Конечно же, Марко не слышал, и Пьетро это отлично знал. Конечно же, Пьетро рассказал о собственных неурядицах с женой с одной только целью: адвокатски поддержать брата, не сообщая притом напрямую, что ходить к психиатру… тьфу, к психоаналитику, в чем, интересно, разница — не стыдно, что многие так делают, все так делают, когда жизнь дает трещину. Знаменитость доктора — учитывая, что Марко из людей его профиля опознавал по имени только Юнга да Фрейда — тем не менее утешала. Шанс отдать хотя бы часть борьбы в чужие опытные руки — это очень много для бойца, истекающего кровью. Кроме того, «юнгианец» звучал куда более утешительно, чем «фрейдист», в марковом восприятии равнозначный «врачу для гомиков». Он благодарно покивал.
— Может, тогда дашь его телефон… или адрес? А то конец семестра, а я учиться не могу. Два предмета завалил уже. Если так пойдет, то и в сорок не рукоположат. Не брат-студент, а позорище.
Пьетро неожиданно накрыл его руку своей, большой и теплой. Руки у Марко всегда были маленькие, чего он стыдился: не хватало растяжки даже на октаву на бабушкином пианино, не говоря о том, что когда он в шестнадцать подарил своей девочке колечко, сняв его со среднего пальца, та с трудом, ужасно стесняясь, протиснула в перстенек мизинец…
— Брат, ты не тревожься так. Проблемы у всех бывают. Если ты вдруг решишь, что монашество — это не твое, то никто из нас тебе и слова не скажет. А мать и вовсе будет счастлива. Она все боится, что ты доучишься и уедешь.

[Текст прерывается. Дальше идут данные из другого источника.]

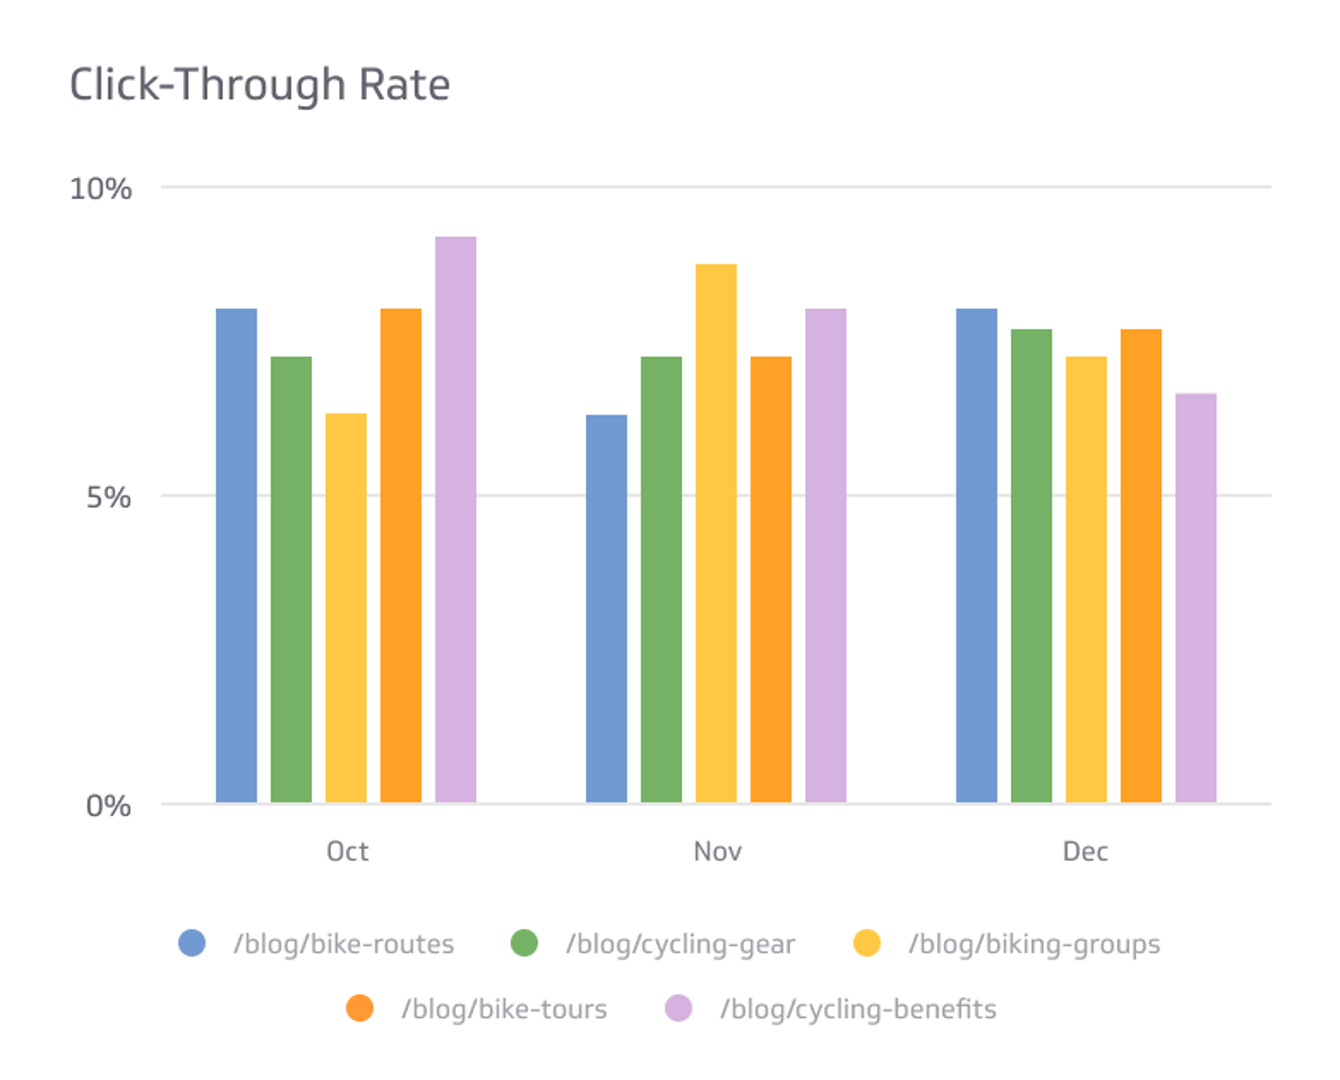 What is a Good CTR (Click-Through Rate)?

Марко подавил совершенно детское желание в голос зарыдать.
Песня тем временем приобрела и впрямь вселенские масштабы:
Марко проглотил тугой ком в горле, даже засмеялся придушенно:
— Ну и песенки у тебя для детей. Сущее memento mori. Для этого отцы-пустынники череп в келье держали…
— Хорошая песенка, — со вздохом перевел разговор Пьетро. — Ни слова лжи. Пусть привыкают. Ладно, кончаю лезть тебе в душу. Что до доктора, вот его визитка. Договариваться о приеме нужно обязательно самому; спросят, кто рекомендовал — смело называй меня. То бишь адвоката Кортезе.
— Спасибо, Адвокат, а то я как-то подзабыл, кем ты работаешь…
Пьетро рассмеялся — не глупой шутке, а самому факту, что младший пошутил. Одновременно он, согнувшись, копался в кармане пиджака, что висел на спинке стула. Марко не видел, чего он там ищет. Наконец тот выпрямился, немного смущенный на вид, держа руки под столешницей. Марко ждал, приподняв брови.
— Брат, только не вздумай отпираться, — Пьетро властно вложил в его ладонь, забытую возле стаканчика виски, что-то хрустящее — купюры, что бы еще, но такого простого ответа младший почему-то не ожидал. Старший для верности припечатал дар пожатием сверху.
— Я же знаю, какие у тебя доходы. Монашеские. И какие у него цены, тоже знаю, — знаменитость, черти б его драли! А психоаналитику клиент обязательно платит сам, такое у них правило. Я бы с радостью просто оплатил заранее, чтобы ты и не думал об этом, но — нельзя. А так все по-честному. Мне нужен здоровый брат, а Церкви — (вот это удар ниже пояса, в адвокатском духе!) — здоровый священник. Вздумаешь отдать — убью.